A afirmação de que a “vara desviava dinheiro” é genérica e, por isso, lança suspeitas sobre todos os seus componentes. Uma vara judicial é composta por servidores e juízes, titular e substituto. A matéria induz à falsa conclusão de que esse conjunto de pessoas praticava desvios.
As peças da verdade, que não foram procuradas, estão nos autos da ação penal, onde um único servidor, então diretor de secretaria, com exclusão de todos os demais, praticava desvios de valores sob sua guarda. Por iniciativa dos juízes da vara, após rigorosa apuração interna, o funcionário foi processado, condenado a 41 anos de prisão e exonerado a bem do serviço público.
Não houve participação, omissiva ou comissiva, de nenhum outro servidor da vara, incluindo-se os dois juízes, titular e substituto, razão pela qual a matéria veiculada, optando por critério genérico, não traduz a verdade real existente nos processos indicados e noutros de competência originária do Tribunal Regional Federal da 3.ª Região.
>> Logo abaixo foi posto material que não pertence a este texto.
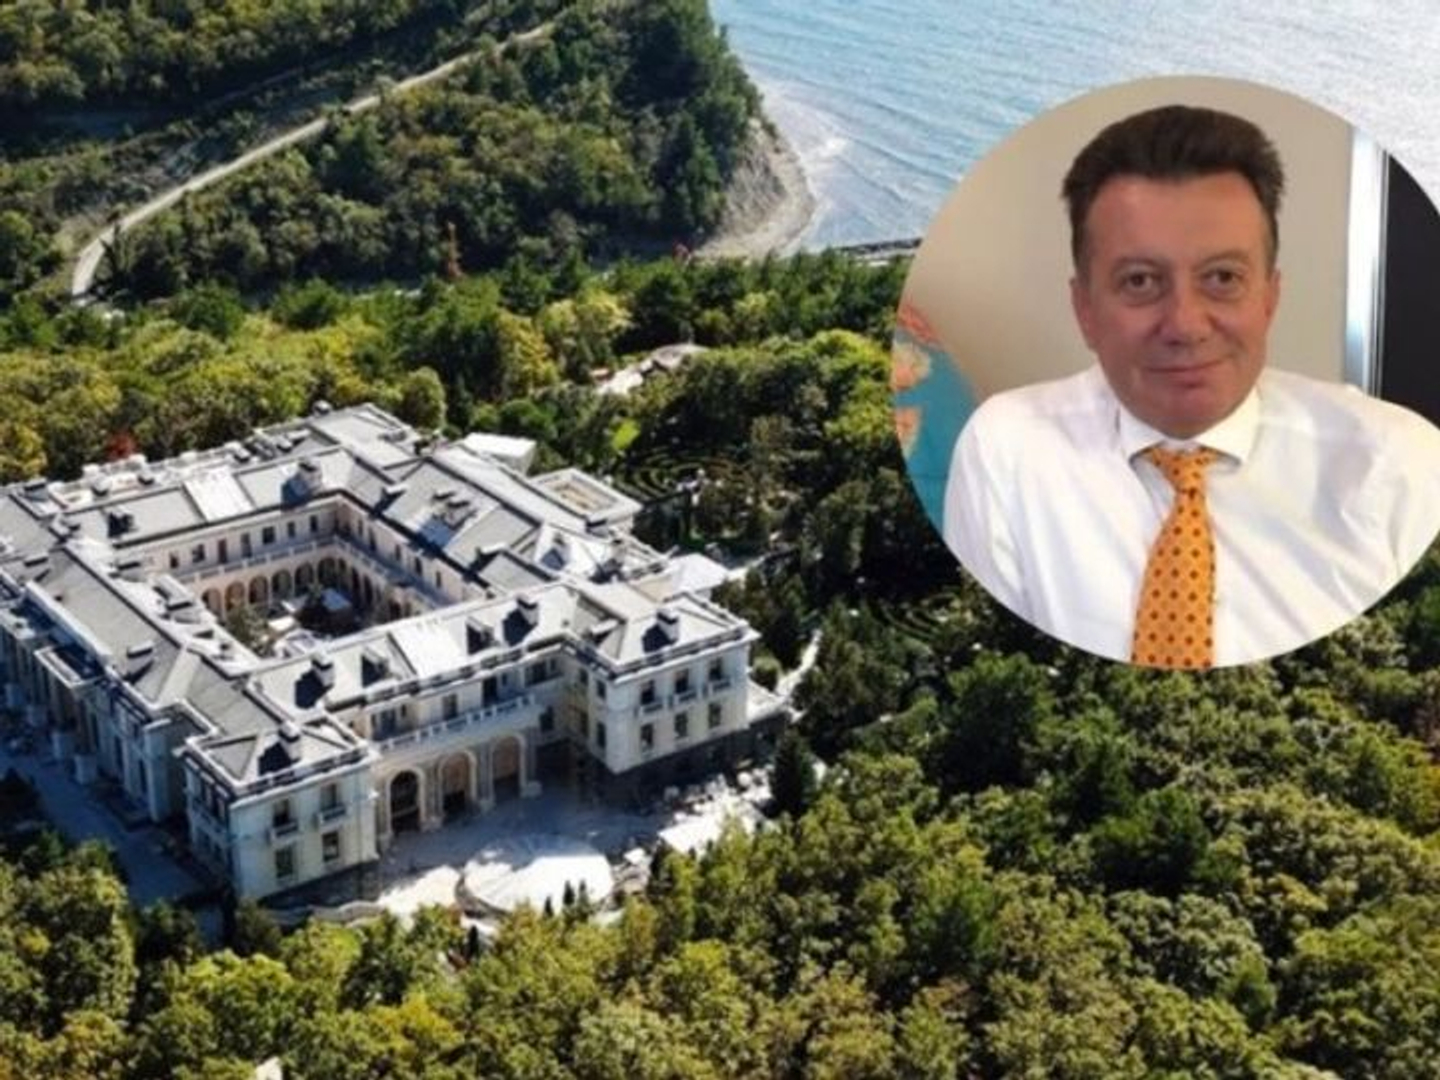 Архитектора Ланфранко Чирилло, спроектировавшего дворец Путина в Геленджике, назначили на должность старшего вице-президента Сбербанка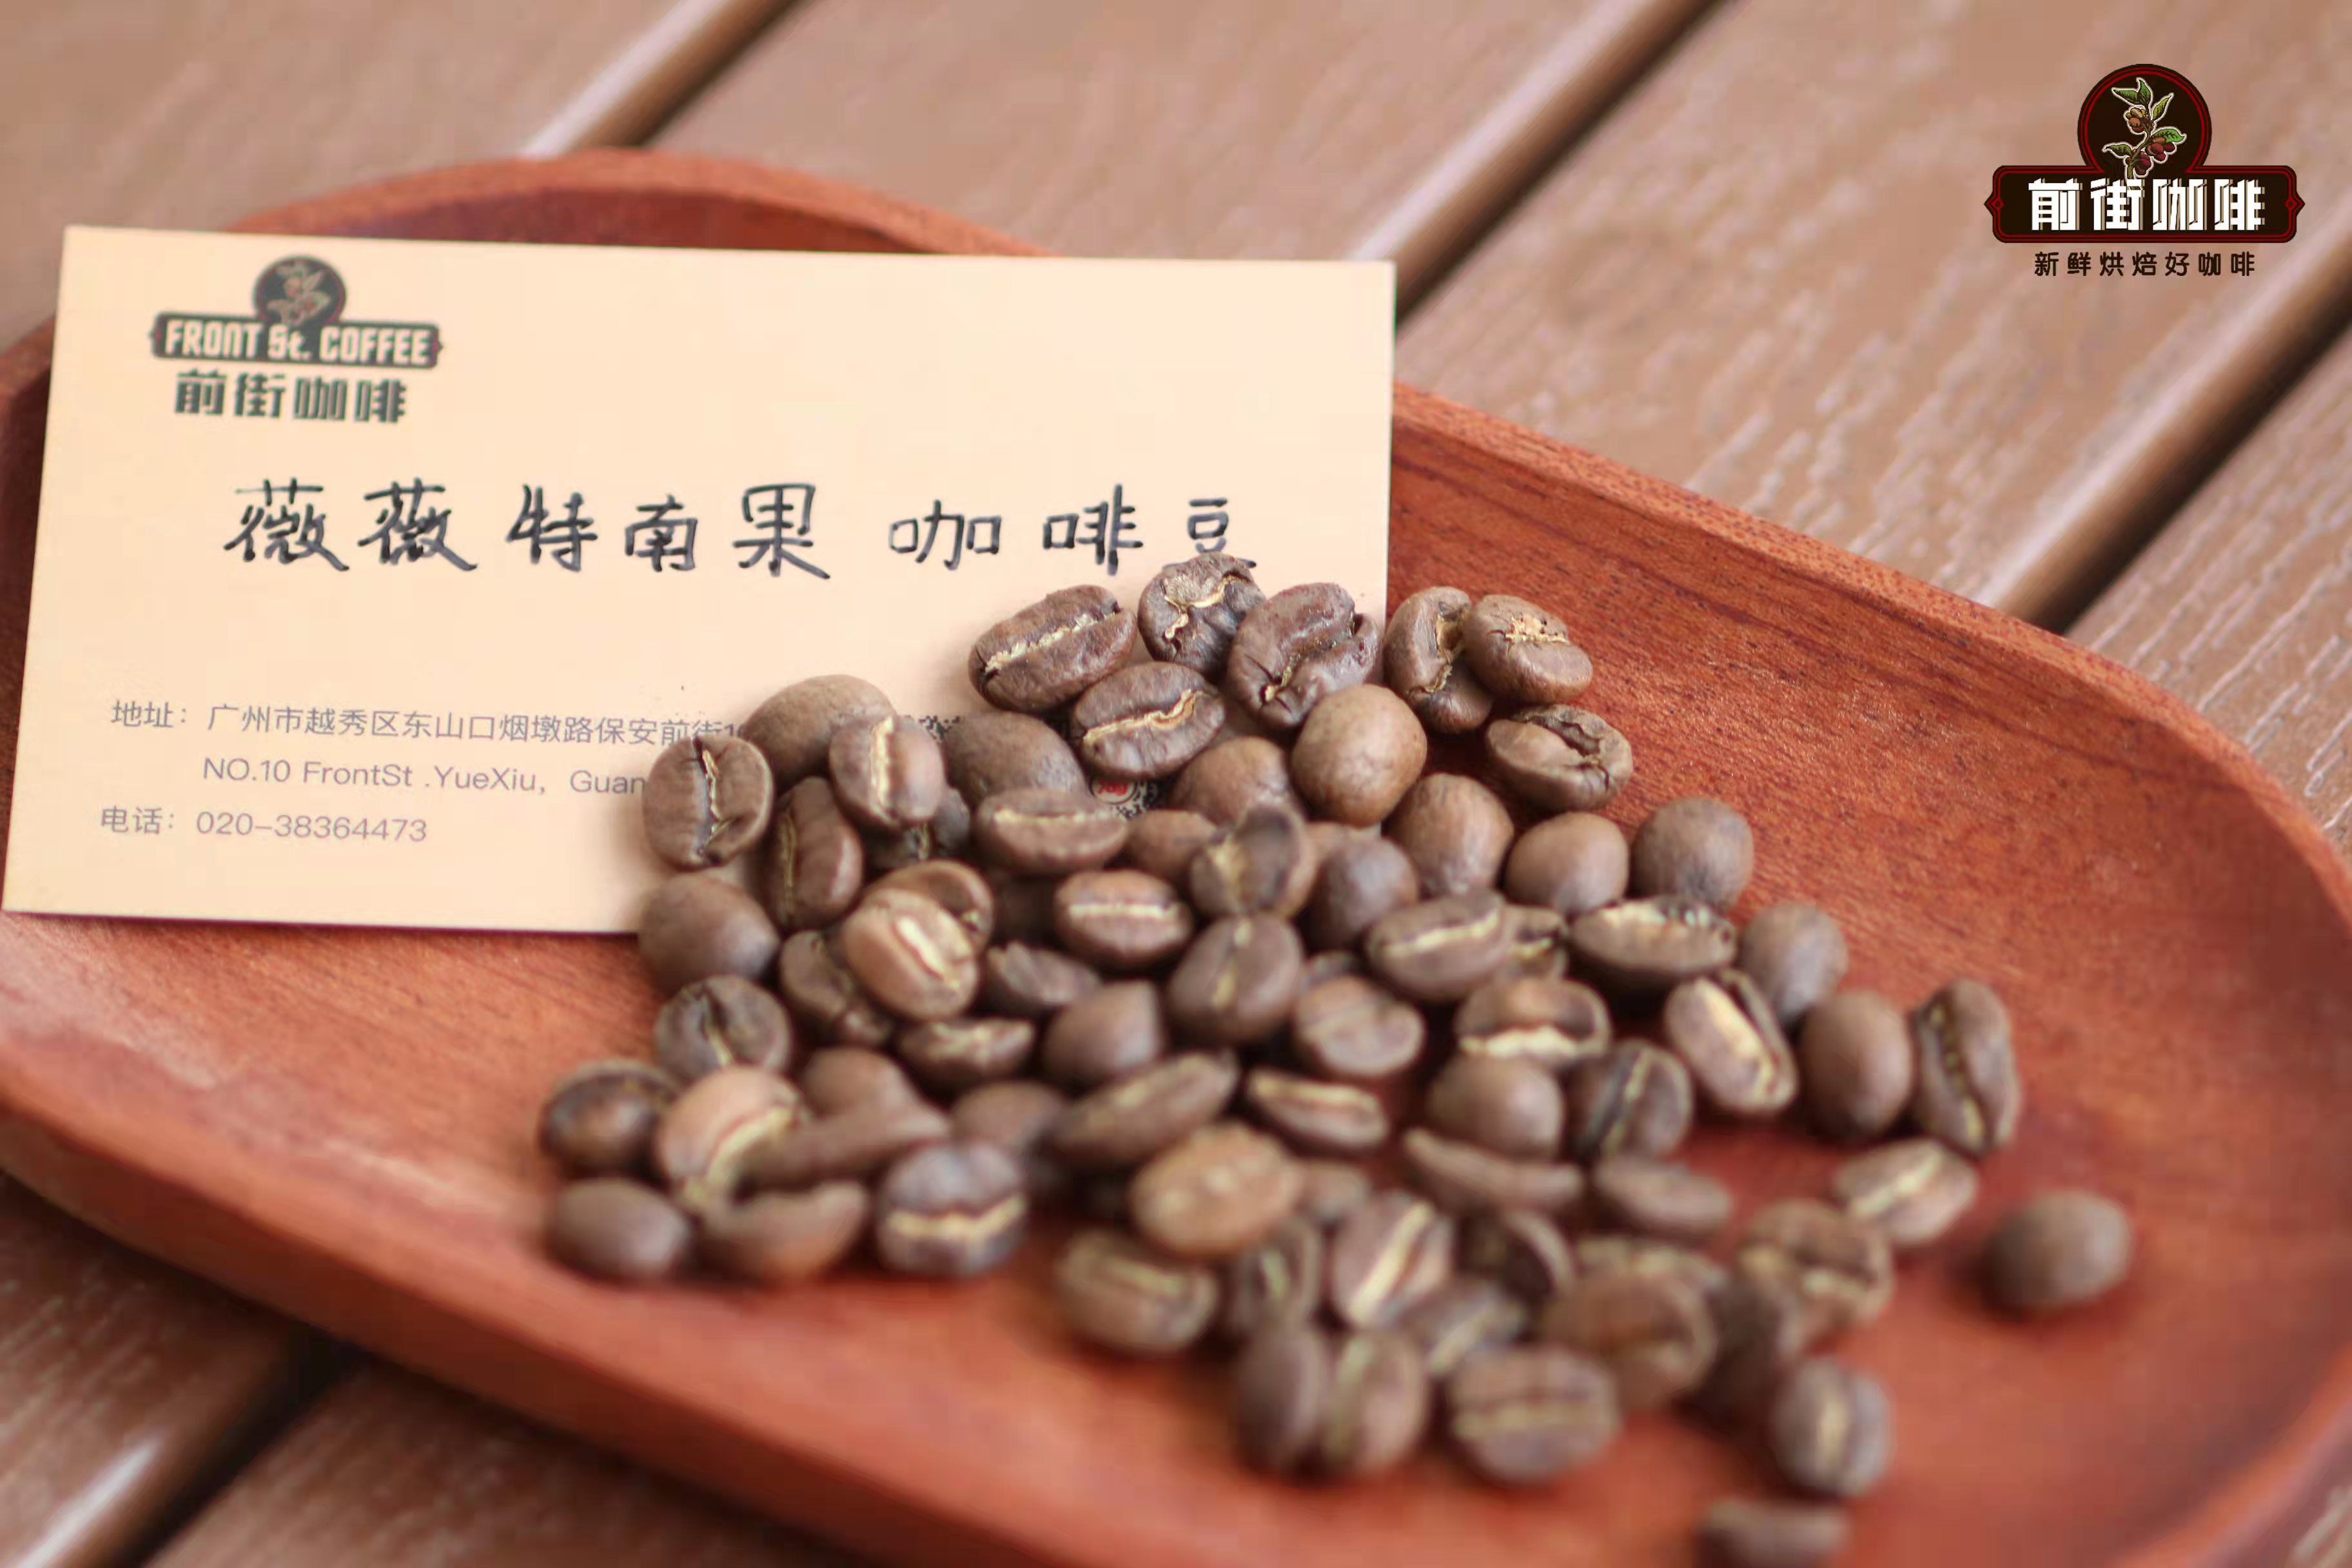 危地马拉咖啡豆的等级分级严格硬豆 (SHB) 和硬豆 (HB) 是什么意思

De decisões da Corregedoria do TRF3 se extraem algumas partes conclusivas: “... faz evidenciar que as condutas e resultados ilícitos foram concebidos, praticados e beneficiaram exclusivamente o ex-diretor de secretaria, sem qualquer participação, consciência, conhecimento ou vontade por parte do requerido” (juiz Odilon).
“...o conjunto probatório produzido sob contraditório judicial é suficiente para, em sede administrativo-disciplinar, antever elementos suficientes para a conclusão de que os ilícitos, narrados nos autos, não foram praticados com conhecimento e adesão do magistrado para efeito de gerar a respectiva responsabilidade funcional”. “... no caso, constam dos autos elementos indicativos de que o ex-diretor,... articulando, enfim, ações reveladoras de ousadia, astúcia, insídia, má-fé e habilidade para o intento delitivo, logrando enganar juízes, membros do Ministério Público Federal, advogados, servidores, peritos e todos os que funcionaram nas ações em trâmite na unidade judiciária”.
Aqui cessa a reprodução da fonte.